Continuing from my previous blog about Revisiting NYC’s OpenData on 311 Service Requests, where I created a function to retrieve multiple days worth of information from NYC’s OpenData. Using that function I retrieved data for the entire month of August 2019. In this blog I will start Exploratory Data Analysis on this data.
First thing I do is import libraries I will be using into python.
import pandas as pd
import seaborn as sns
import time
import matplotlib.pyplot as plt
There were a total of 176,015 service requests calls made in August. My data was saved as a csv file and loaded into a pandas dataframe named aug.
aug = pd.read_csv('311_8-01_to_8-31function.csv')
aug.columns returns the features that are in the dataframe. len(aug.columns) will tell me how many features I have in the dataframe.

aug.info() will show how many entries each feature has and the whether it is an object, string (text), a number (float or integer). In the following image, there are 176,015 agency entries and it is classified as an object. This is different than address_type, which out of 176,015 entries, the information for address_type is only provided for 66,346 entries.

aug.describe() will show the mean, standard deviation, minimum, maximum and percent quantile of any features that are floats or integers.
One feature of particular interest to me is created_date. However, in this dataframe, created_date returns a string (text) of ” 2019-08-01T00:00:00 .” To make this more usable, we convert it into a timestamp. We import time earlier and this will allow us to convert this string to a timestamp.

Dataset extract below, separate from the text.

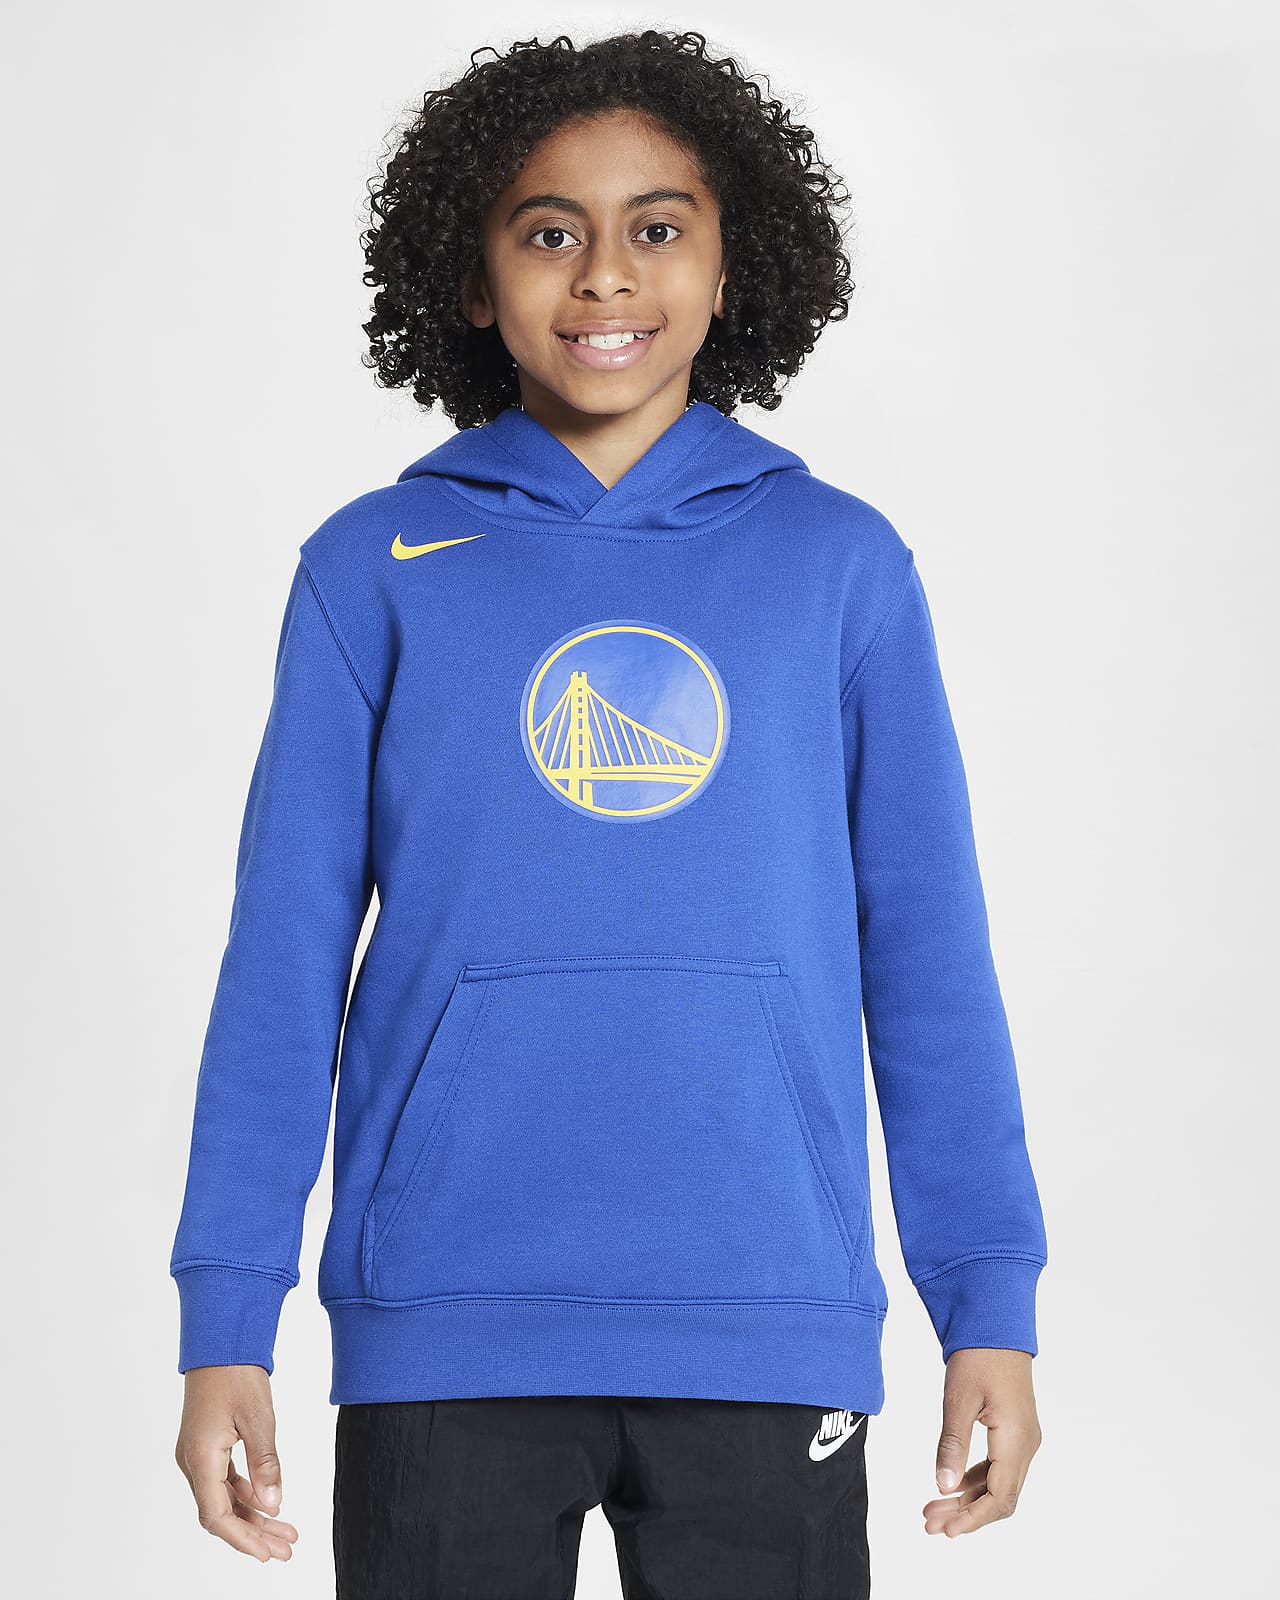 Flísová mikina Nike NBA Golden State Warriors Club s kapucí pro větší děti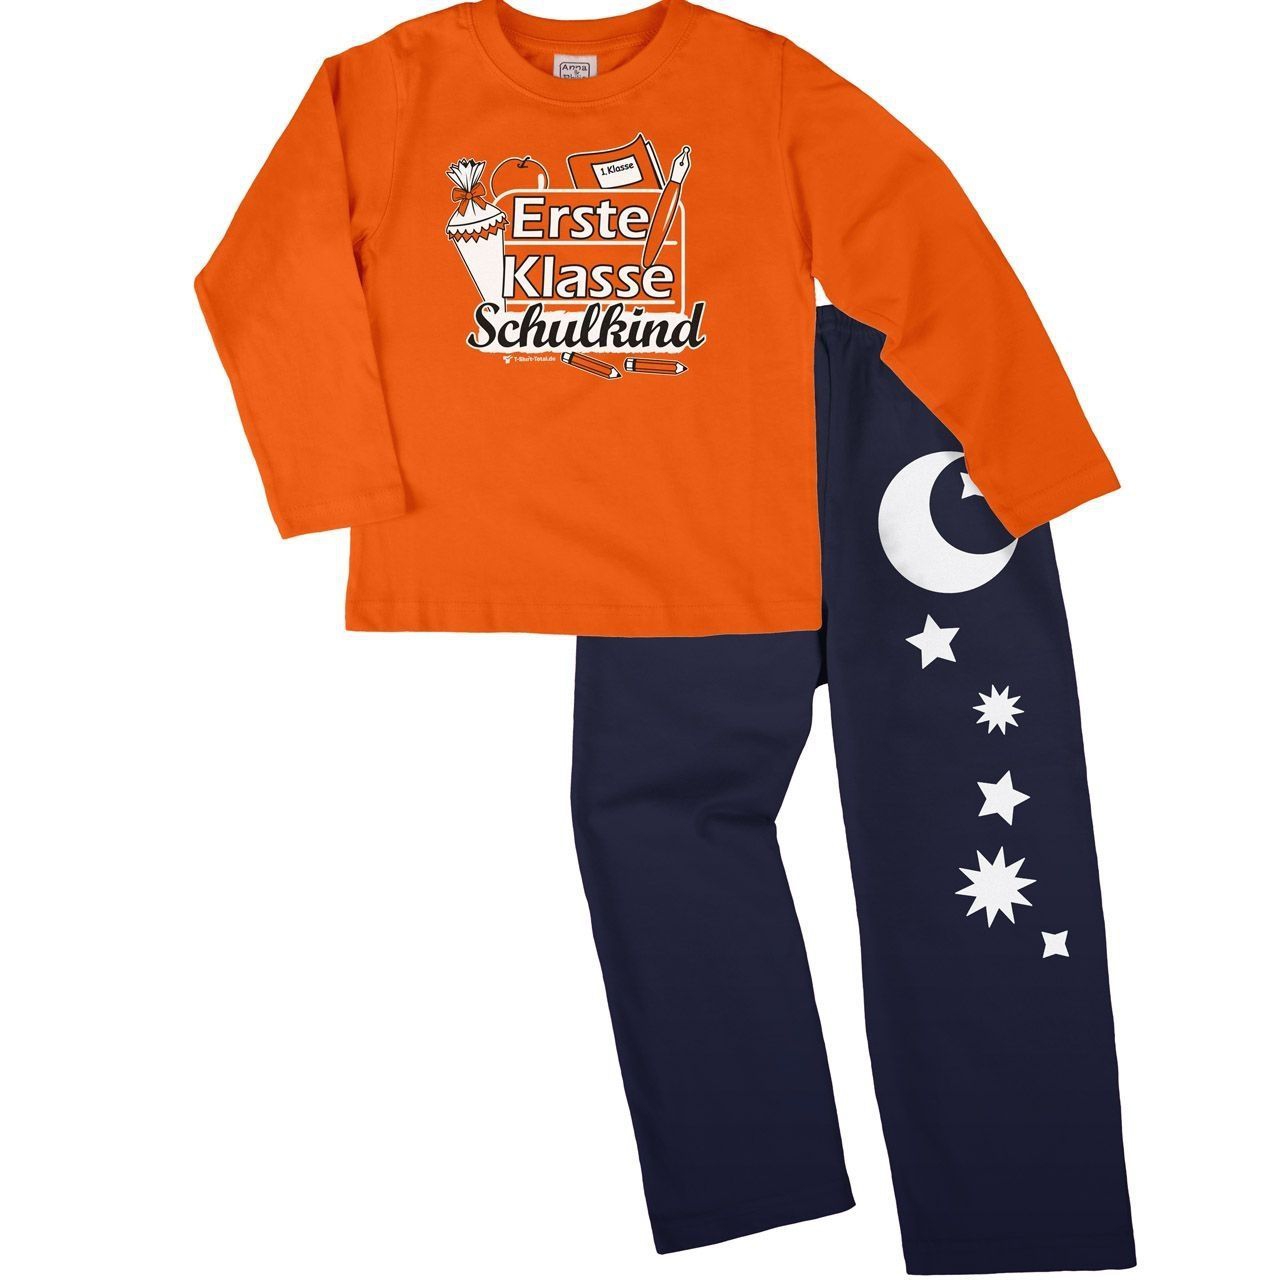 Erste Klasse Schulkind Pyjama Set orange / navy 122 / 128

aug['created_date'] = pd.to_datetime(aug['created_date']
aug['day_of_week'] = aug['created_date'].dt.day_name()
aug[‘created_date’] = pd.to_datetime(aug[‘created_date’] converts and replaces each row of created_date to a Timestamp. With that one line, we converted 176,015 rows from a string to a Timestamp.
Let’s break down what aug[‘day_of_week’] = aug[‘created_date’].dt.day_name() does. aug[‘day_of_week’] creates a new feature/column in our dataframe. What determines what will fill each row of this new feature is what we set it to found on the right of the = sign. aug[‘created_date’].dt.day_name() will look at the created_date for each row and convert it to the day of the week.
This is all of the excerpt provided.